Families affected by rare diseases are isolated in their communities with little or no access to disease specific information and treatment or care. They must be properly educated about their disease to cope with it, say doctors.
Dr Ramaiah Muthyala, president and CEO of the Indian Organisation for Rare Disease (IORD), says there is no proper definition of a rare disease.
“In 1980, the USA defined a rare disease as one affecting less than 20,000 people in the whole population. However, that was a definition in the 1980s. At present it is not applicable as many changes have occurred,” he said.
Many western countries have defined a rare disease according to the prevalence of it in their individual countries — so it could be that if 1 in 50,000 or 1 in 20,000 of the population is affected, then it is classified as a rare disease.
There is no definition of a rare disease in India, nor is it officially known how many people are suffering from such diseases.
‘Orphan’ drugs are used to treat rare diseases, that is, drugs that are underdeveloped, since they are required by fewer people. Dr Muthyala says pharmaceutical companies are not interested in manufacturing drugs for these diseases as 10 years may be spent on researching drugs that will not yield much profit.
The US government came up with the Orphan Drug Act to encourage pharmaceutical companies that manufacture orphan drugs by giving them exclusive rights.
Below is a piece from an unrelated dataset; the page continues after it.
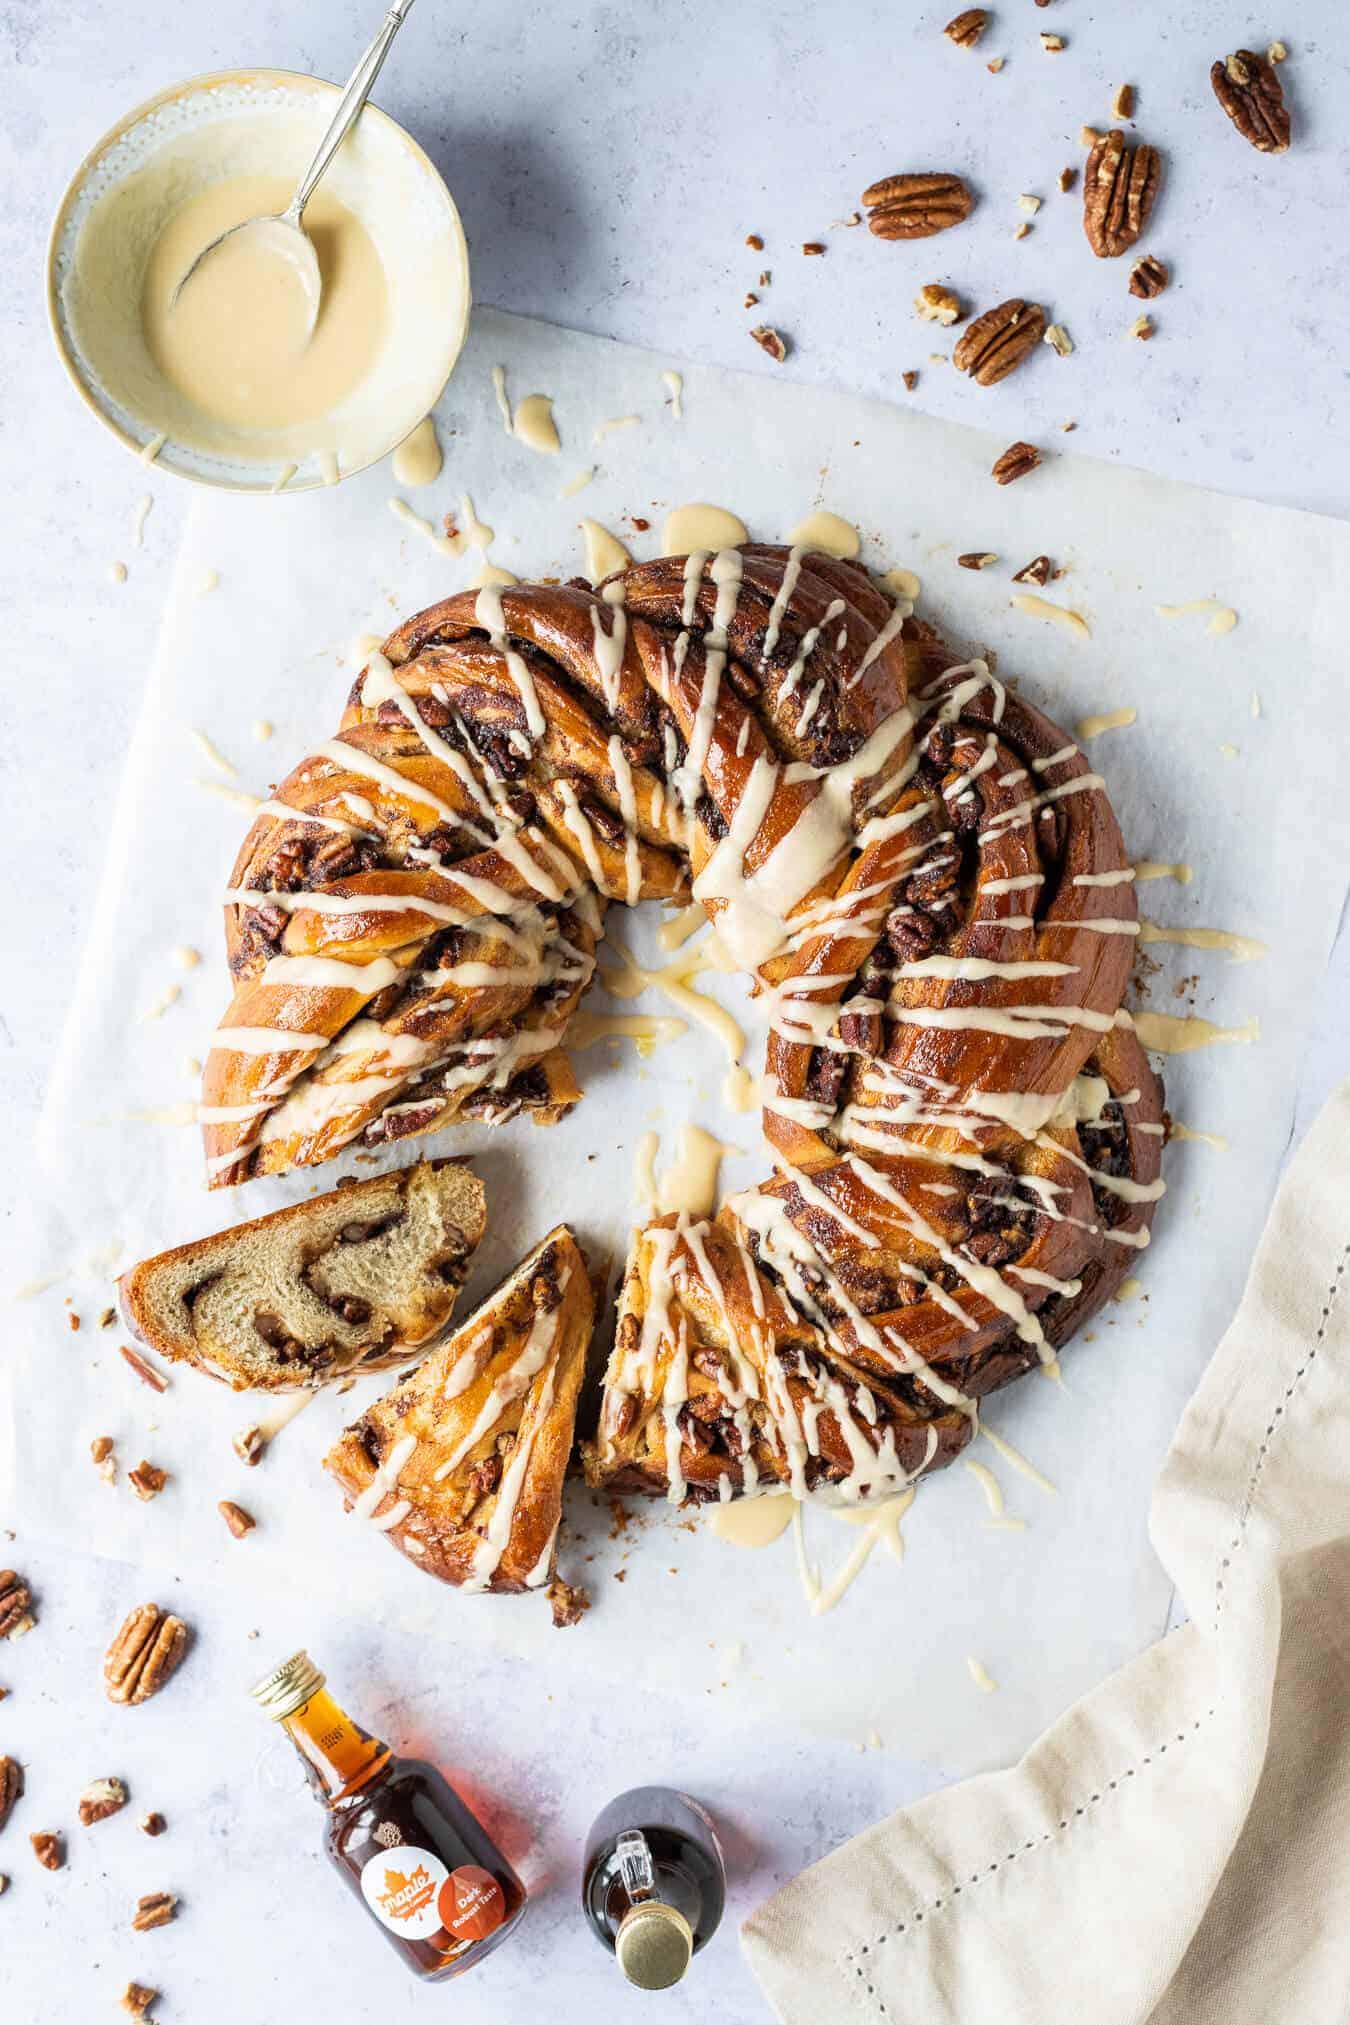 Maple pecan bread wreath with two slices cut out on a sheet of baking parchment with a bowl of glaze, pecan nuts and mini bottles of maple syrup.

No patent is required, the government foots the bill for 50 per cent of the research and development cost, and the company is exempted from paying user fee.
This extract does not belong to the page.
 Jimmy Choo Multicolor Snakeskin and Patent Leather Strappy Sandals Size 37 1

Dr Muthyala said, “There are around 7,000 rare diseases in the world and only 400 orphan drugs are available, which is less than five per cent of the drugs we required to address the problem of rare disease. There are ample opportunities in the field of manufacture of orphan drugs. There are very few diagnostic centres for rare diseases.”
Rare diseases usually have a genetic cause and could therefore be hereditary. As they tend to recur in particular families, identifying such families and then getting them to see a genetic counsellor, and educating them about the disease is a way of addressing the disease.
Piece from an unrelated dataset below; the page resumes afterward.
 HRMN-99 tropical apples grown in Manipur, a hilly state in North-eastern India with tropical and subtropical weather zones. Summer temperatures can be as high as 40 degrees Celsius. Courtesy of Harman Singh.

Dr Krishnaji Rao said, “The burden of rare disease is several times more than the burden of diseases such as TB. Other diseases can be treated with medicines for a period of time and can be cured. However, the scenario is totally different in rare diseases, where starting from the patients all the family members suffer.”
The knowledge of rare diseases and orphan drugs needs to be improved even among the medical fraternity so that they can identify patients early and refer them to the right doctor and point of care. Much time is lost in diagnosis and that delay can be avoided.
IORD has requested Vice-President M. Venkaiah Naidu and health minister J.P. Nadda to include questions pertaining to rare diseases in the 2021 National Family and Health Survey so that an estimate of the number of people affected can be arrived at.